Three-Dimensional Numerical Simulations of Biofilm Dynamics with Quorum Sensing in a Flow Cell

We develop a multiphasic hydrodynamic theory for biofilms taking into account interactions among various bacterial phenotypes, extracellular polymeric substance (EPS), quorum sensing (QS) molecules, solvent, and antibiotics. In the model, bacteria are classified into down-regulated QS, up-regulated QS, and non-QS cells based on their QS ability.
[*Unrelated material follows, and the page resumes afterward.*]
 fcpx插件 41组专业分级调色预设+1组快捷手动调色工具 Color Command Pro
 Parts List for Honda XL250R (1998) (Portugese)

The model is first benchmarked against an experiment yielding an excellent fit to experimental measurements on the concentration of QS molecules and the cell density during biofilm development. It is then applied to study development of heterogeneous structures in biofilms due to interactions of QS regulation, hydrodynamics, and antimicrobial treatment. Our 3D numerical simulations have confirmed that (i). QS is beneficial for biofilm development in a long run by building a robust EPS population to protect the biofilm; (ii). biofilms located upstream can induce QS downstream when the colonies are close enough spatially; (iii). QS induction may not be fully operational and can even be compromised in strong laminar flows; (v). the hydrodynamic stress alters the biofilm morphology. Through further numerical investigations, our model suggests that (i). QS-regulated EPS production contributes to the structural formation of heterogeneous biofilms; (ii) QS down-regulated cells tend to grow at the surface of the biofilm while QS up-regulated ones tend to grow in the bulk; (iii) when nutrient supply is sufficient, QS induction might be more effective upstream than downstream; (iv) QS may be of little benefit in a short timescale in term of fighting against invading strain/species; (v) the material properties of biomass (bacteria and EPS) have strong impact on the dilution of QS molecules under strong shear flow. In addition, with this modeling framework, hydrodynamic details and rheological quantities associated with biofilm formation under QS regulation can be resolved.